= What the exercise asks =
Among the lines below, a stretch begins at the one with "Diseño de identidad del Distrito Merced." and ends at the one with "Yamazaki Garderobenständer Kleiderständer". Repeat that stretch exactly, ends included.

= Stored entries =
#####
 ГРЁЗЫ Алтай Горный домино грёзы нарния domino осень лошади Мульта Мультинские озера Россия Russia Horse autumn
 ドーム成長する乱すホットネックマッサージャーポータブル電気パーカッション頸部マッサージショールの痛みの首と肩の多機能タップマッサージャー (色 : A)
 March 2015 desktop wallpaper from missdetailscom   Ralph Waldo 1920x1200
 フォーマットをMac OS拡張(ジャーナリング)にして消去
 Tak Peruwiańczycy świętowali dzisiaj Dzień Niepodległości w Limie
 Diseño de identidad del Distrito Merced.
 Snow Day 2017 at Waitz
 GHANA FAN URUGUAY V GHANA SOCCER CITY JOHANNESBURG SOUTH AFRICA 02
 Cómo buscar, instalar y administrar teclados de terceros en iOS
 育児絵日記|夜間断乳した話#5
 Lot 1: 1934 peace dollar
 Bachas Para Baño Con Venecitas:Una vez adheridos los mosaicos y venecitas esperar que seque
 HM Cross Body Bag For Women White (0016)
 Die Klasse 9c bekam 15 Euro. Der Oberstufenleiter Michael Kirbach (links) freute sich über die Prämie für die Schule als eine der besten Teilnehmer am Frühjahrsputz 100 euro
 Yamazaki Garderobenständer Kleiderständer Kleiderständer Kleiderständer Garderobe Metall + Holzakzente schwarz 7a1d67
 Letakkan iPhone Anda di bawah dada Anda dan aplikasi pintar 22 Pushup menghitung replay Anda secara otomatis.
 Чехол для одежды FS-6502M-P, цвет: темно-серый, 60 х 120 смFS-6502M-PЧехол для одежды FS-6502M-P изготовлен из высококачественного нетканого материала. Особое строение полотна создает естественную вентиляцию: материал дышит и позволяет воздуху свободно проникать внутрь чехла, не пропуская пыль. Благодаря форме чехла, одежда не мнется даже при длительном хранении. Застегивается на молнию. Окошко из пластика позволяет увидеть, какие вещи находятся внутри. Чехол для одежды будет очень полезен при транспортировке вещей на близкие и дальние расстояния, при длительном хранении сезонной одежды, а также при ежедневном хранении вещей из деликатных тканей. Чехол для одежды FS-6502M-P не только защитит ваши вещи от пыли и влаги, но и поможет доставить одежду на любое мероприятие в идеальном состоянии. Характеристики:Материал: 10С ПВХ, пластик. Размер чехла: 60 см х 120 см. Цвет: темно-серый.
#####
= Exercise answer =
 Diseño de identidad del Distrito Merced.
 Snow Day 2017 at Waitz
 GHANA FAN URUGUAY V GHANA SOCCER CITY JOHANNESBURG SOUTH AFRICA 02
 Cómo buscar, instalar y administrar teclados de terceros en iOS
 育児絵日記|夜間断乳した話#5
 Lot 1: 1934 peace dollar
 Bachas Para Baño Con Venecitas:Una vez adheridos los mosaicos y venecitas esperar que seque
 HM Cross Body Bag For Women White (0016)
 Die Klasse 9c bekam 15 Euro. Der Oberstufenleiter Michael Kirbach (links) freute sich über die Prämie für die Schule als eine der besten Teilnehmer am Frühjahrsputz 100 euro
 Yamazaki Garderobenständer Kleiderständer Kleiderständer Kleiderständer Garderobe Metall + Holzakzente schwarz 7a1d67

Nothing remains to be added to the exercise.